## The data
:::

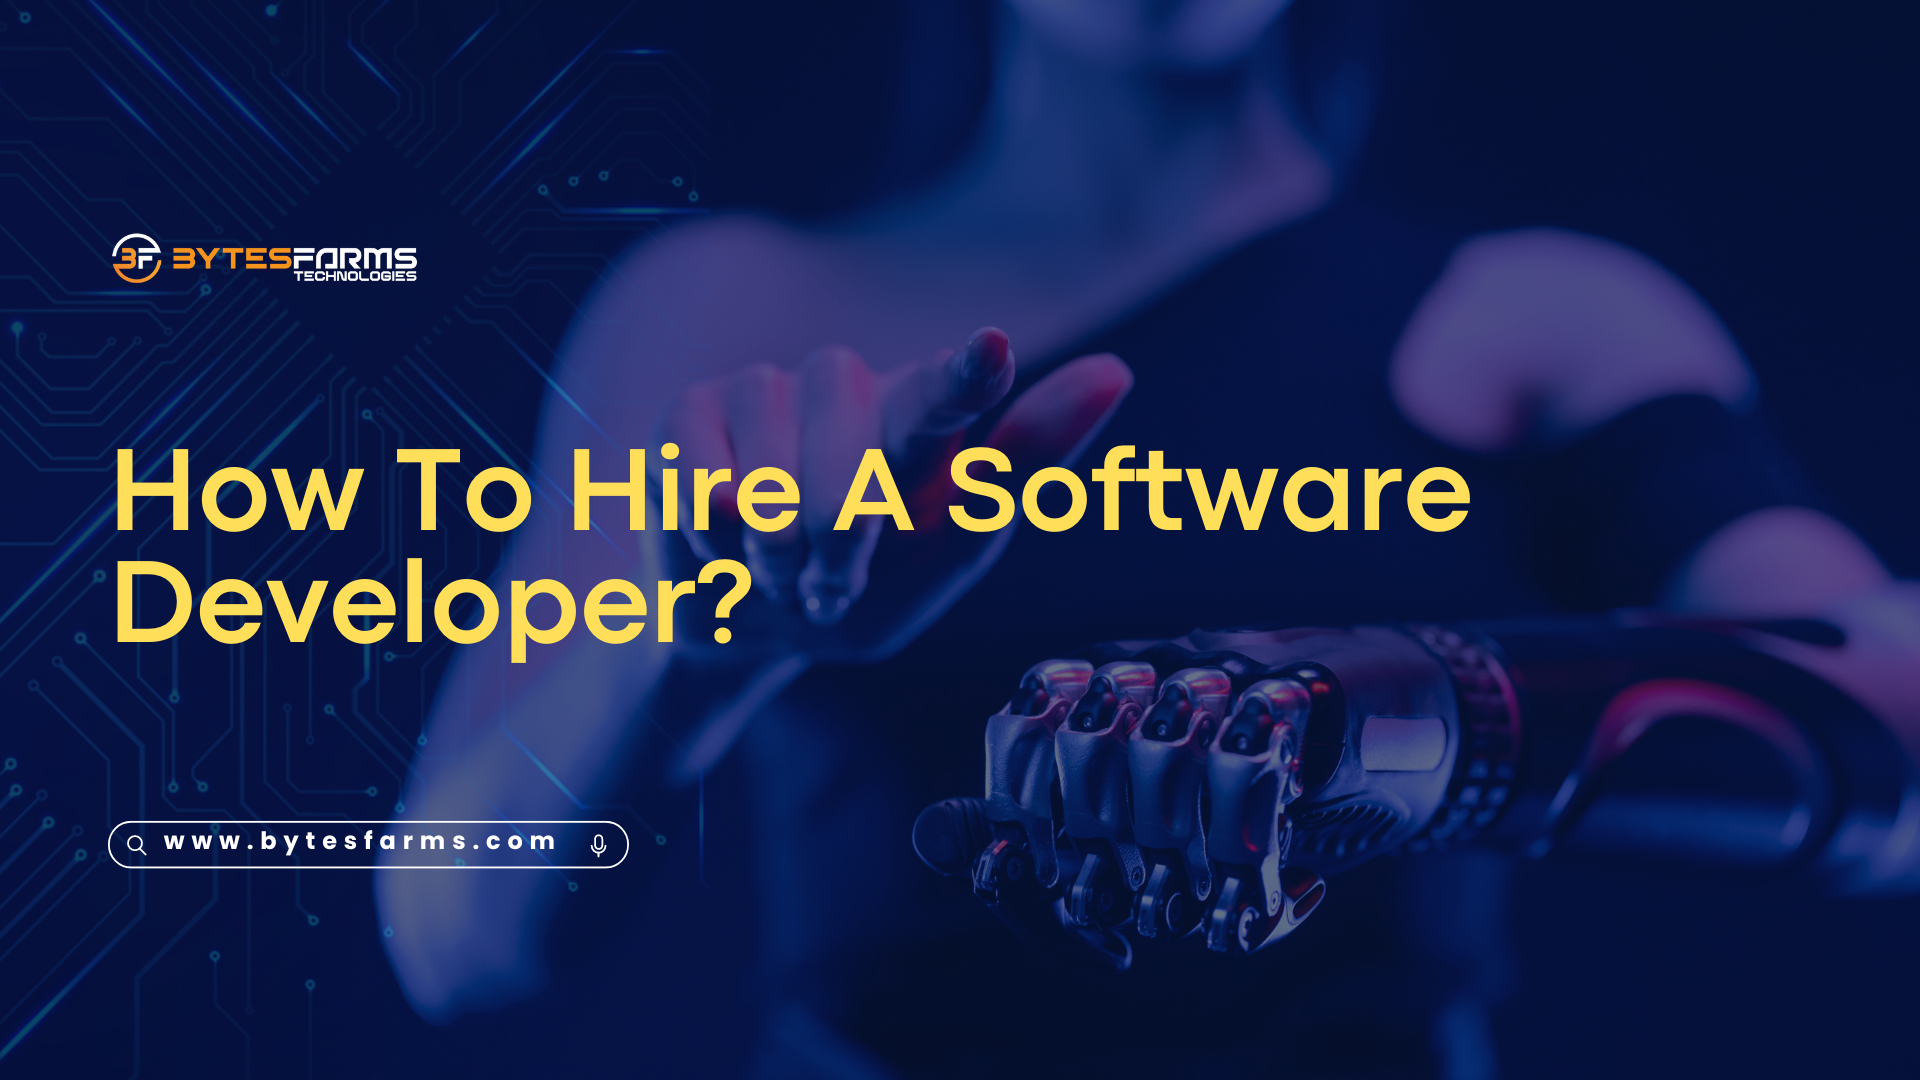 How To Hire A Software Developer?
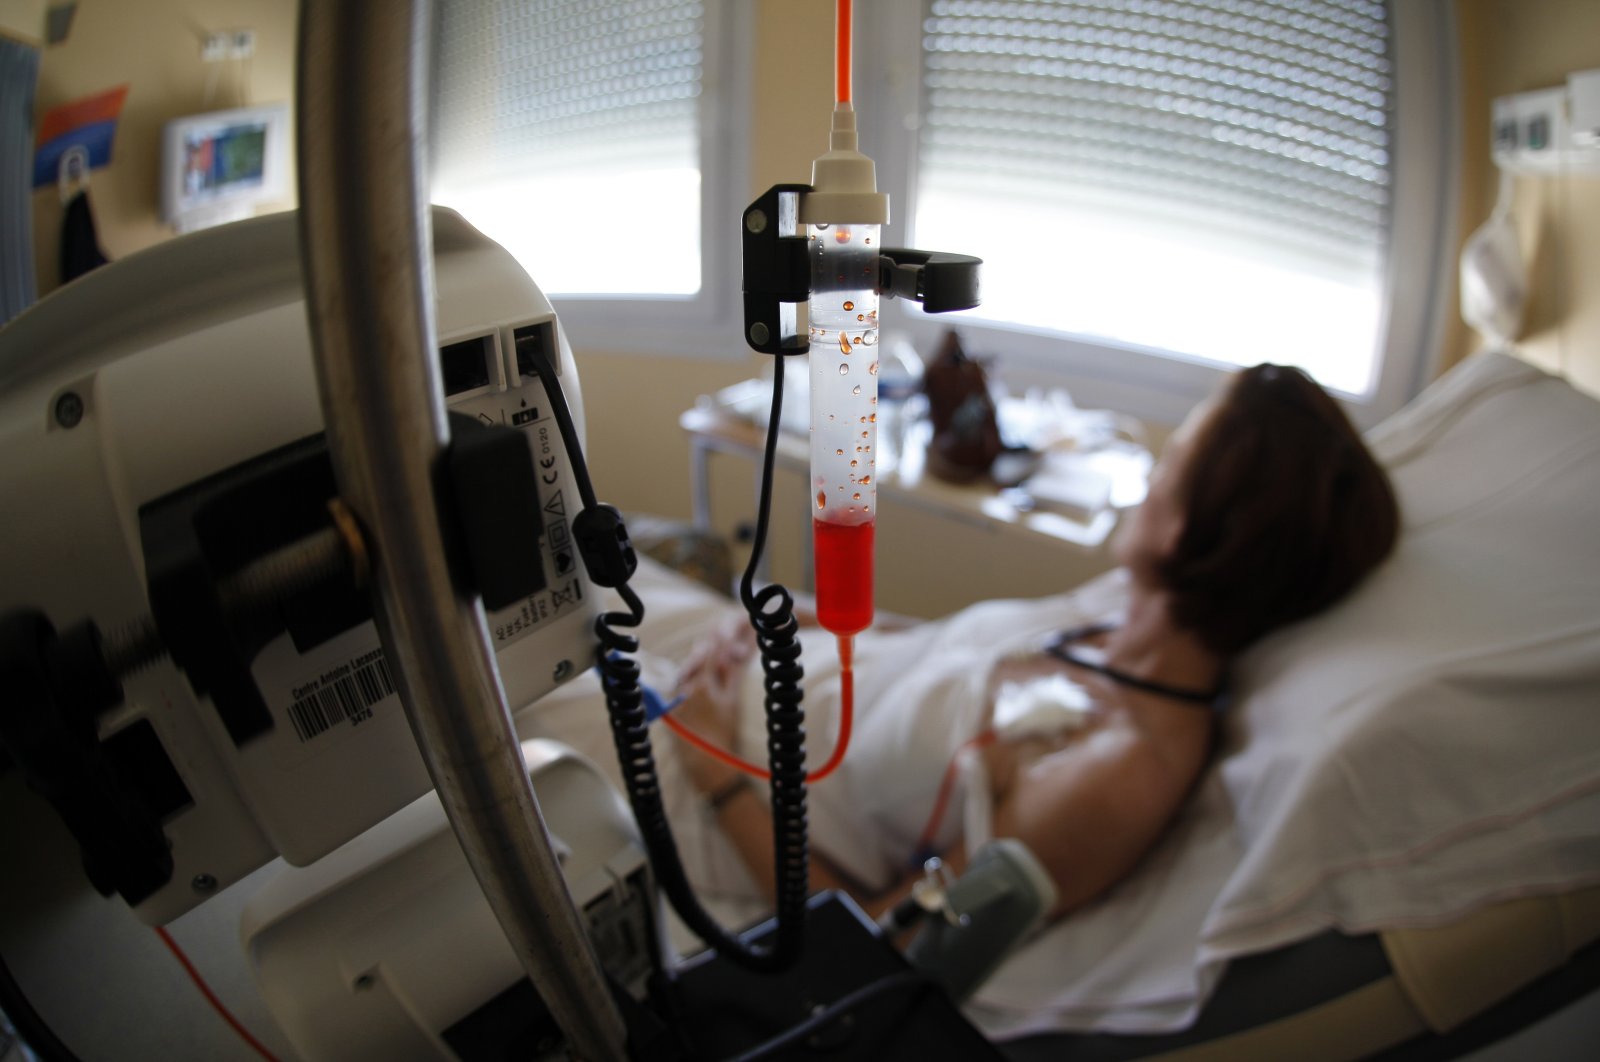 A patient receives chemotherapy treatment for breast cancer at the Antoine-Lacassagne Cancer Center in Nice, France, July 26, 2012. (Reuters Photo)
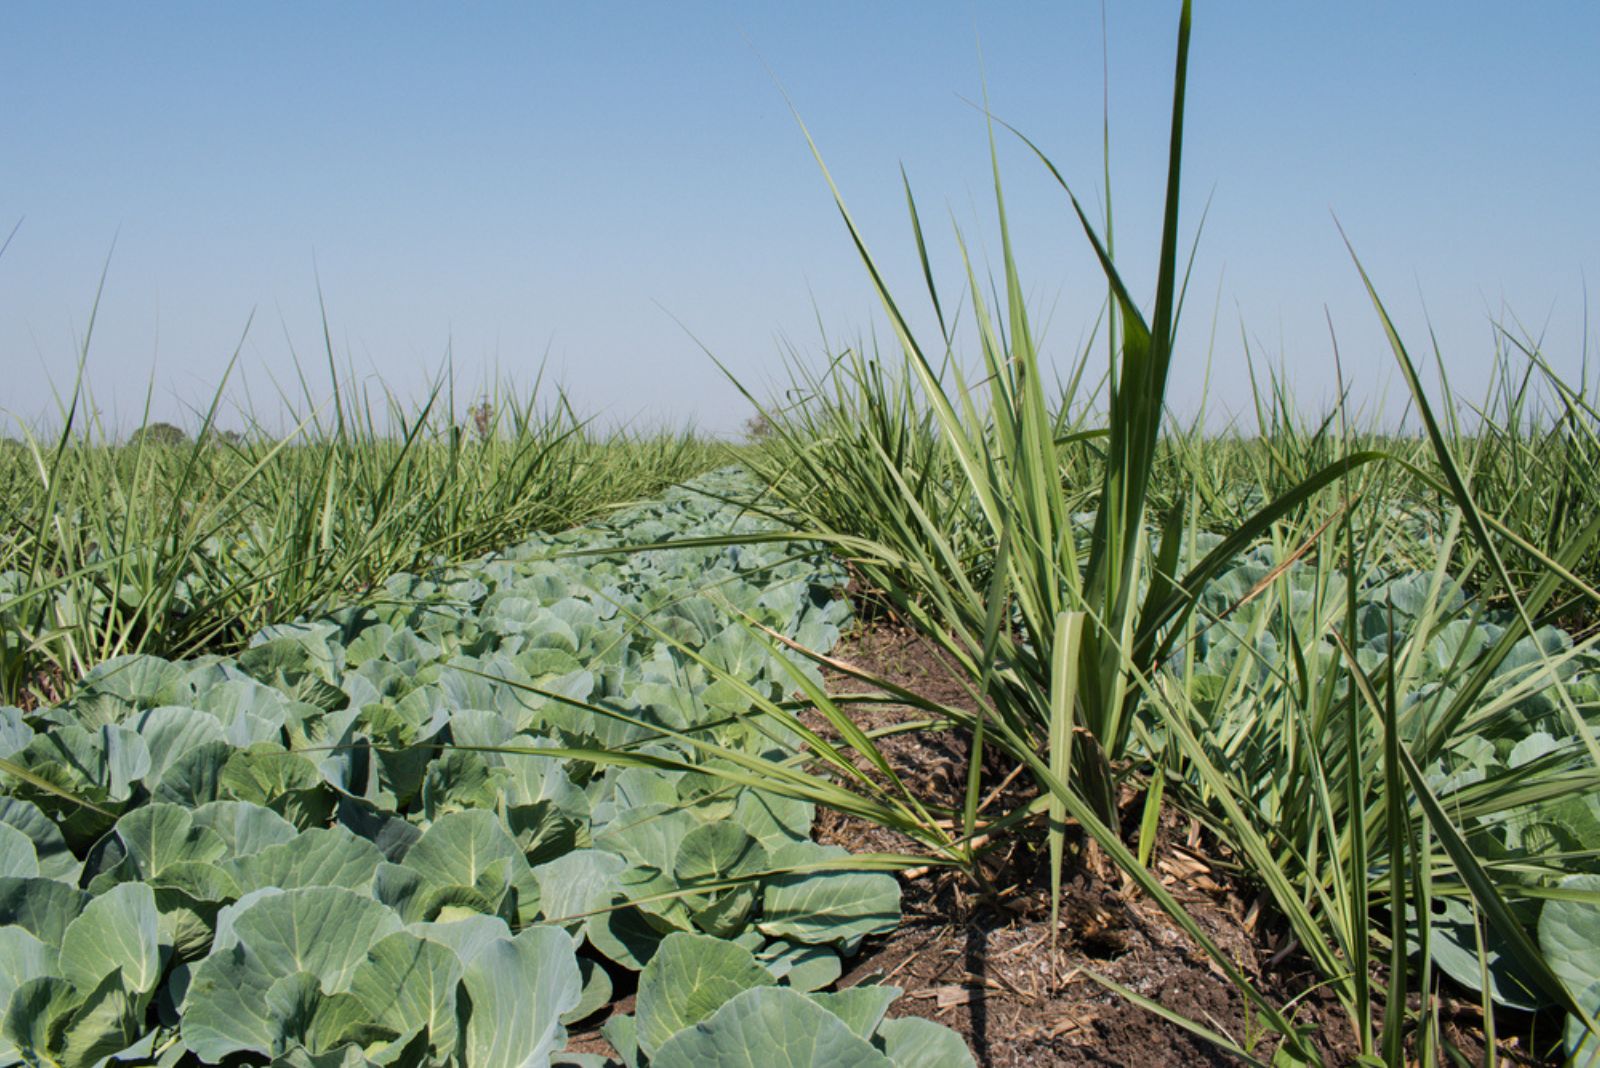 Companion planting of sugarcane and cabbage

:::

## The task
Where the data includes pictures, leave them out and write out everything else exactly.

## Answer space
 How To Hire A Software Developer?
 A patient receives chemotherapy treatment for breast cancer at the Antoine-Lacassagne Cancer Center in Nice, France, July 26, 2012. (Reuters Photo)
 Companion planting of sugarcane and cabbage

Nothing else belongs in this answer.